Despite the sequence conservation in the GSPA/AOX promoter region between mouse and rat, it is not clear at present whether GSPA is transcribed into RNA in the rat. Although considerable number of cDNA sequences apparently derived from this genomic region have been deposited in the rat EST databases, most of them are annotated to be oriented opposite to the mouse GSPA. In human, on the other hand, an EST clone homologous to GSPA is found in the database (BC047782). In addition, another EST sequence (AK097104) has been deposited, which further extends than the mouse GSPA cDNAs on the 3′ side, continuing into the exon sequences of neighboring gene, CDK3. It seems doubtful whether the latter human cDNA represents a physiologically relevant transcript. Sequence of the promoter region of human AOX is less conserved as compared with the mouse and rat counterparts, neither PPRE-1 nor PPRE-2 being retained. Human AOX is not likely to be induced by peroxisome proliferators [21], though a potential PPRE sequence has been noted in a far upstream region [22].

We found that GSPA is widely expressed in tissues where PPARα plays a regulatory role, such as liver, heart, and skeletal muscle. The dependence on PPARα ligand was less significant in the heart and skeletal muscle than in the liver, due to higher basal expression. GSPA is also expressed in 3T3-L1 cells, though apparently independent of differentiation. Hence, it is not clear whether PPARγ is involved in the regulation of GSPA expression in these cells. Thus, GSPA is possibly expressed in even other tissues, though the expression may not be activated by PPARs. On the other hand, we found significant expression of the GSPA protein product in 3T3-L1 adipocytes and preadipocytes. In the heart and liver, the protein abundance was much lower, despite the comparable mRNA levels. Thus, GSPA expression must also be regulated at a posttranscriptional level.

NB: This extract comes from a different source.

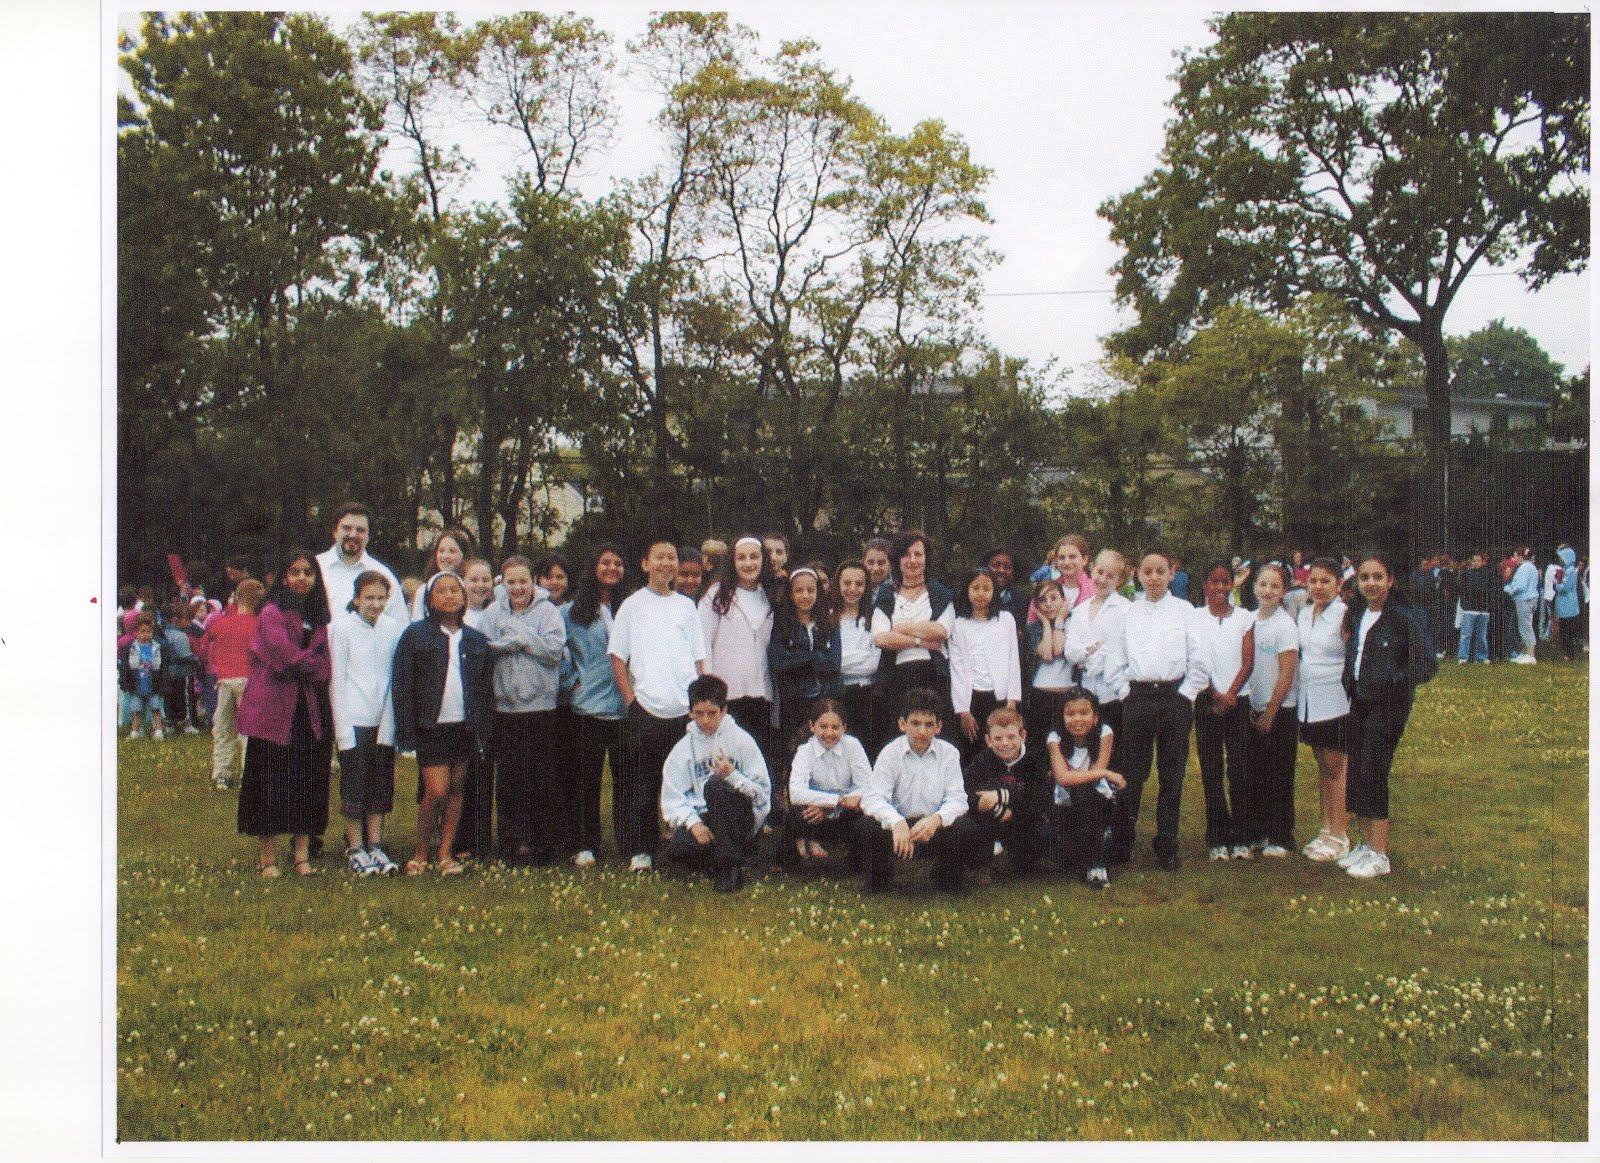 North Bellmore Orchestra 2004
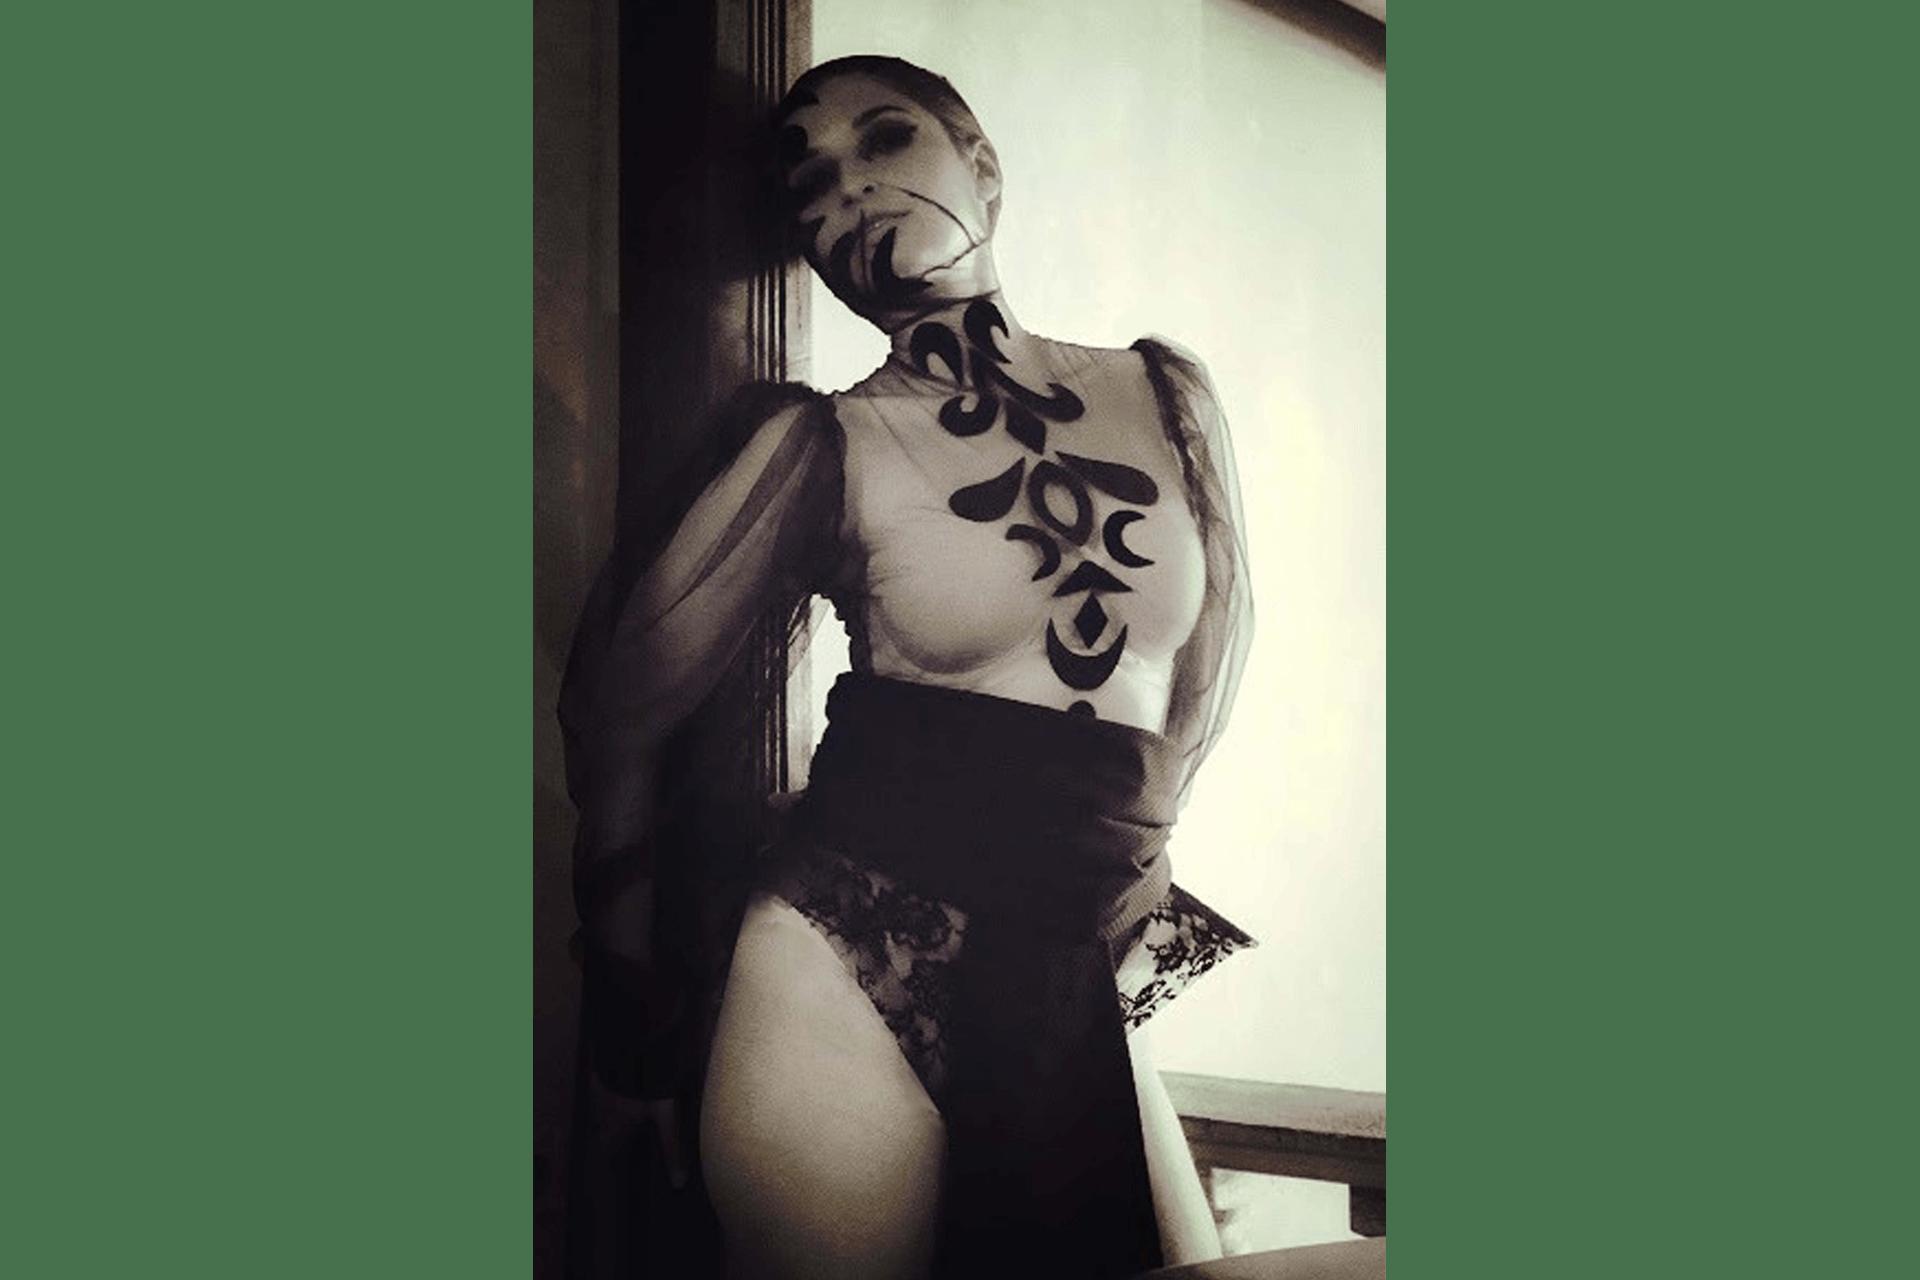 Dana. Tayyar

What would be the function of GSPA? In the GSPAp amino acid sequence, neither a known protein motif nor a predictable membrane-spanning domain was noted. A GFP-fused version of GSPAp expressed in HeLa cells were distributed throughout the cells, without accumulating in any subcellular compartments (data not shown), suggesting a cytosolic nature of the protein. Enrichment of GSPAp in 3T3-L1 cells over other tissues seems promising for the functional studies. It would be an interesting issue whether the abundant expression of GSPAp is characteristic in the adipocyte lineage. Other important questions would be how GSPAp expression is posttranscriptionally regulated, and whether the protein is accumulated in the liver, heart, and other tissues under specific conditions. It should be noted that, for the homologous human cDNAs, an even shorter protein sequence of 122 amino acid residues, 62% identical with the mouse sequence, is predicted, due to an in-frame stop codon at a more upstream position. Thus, it is questionable whether the function of GSPA is conserved in human. The function of GSPA should carefully be investigated also from an evolutionary point of view.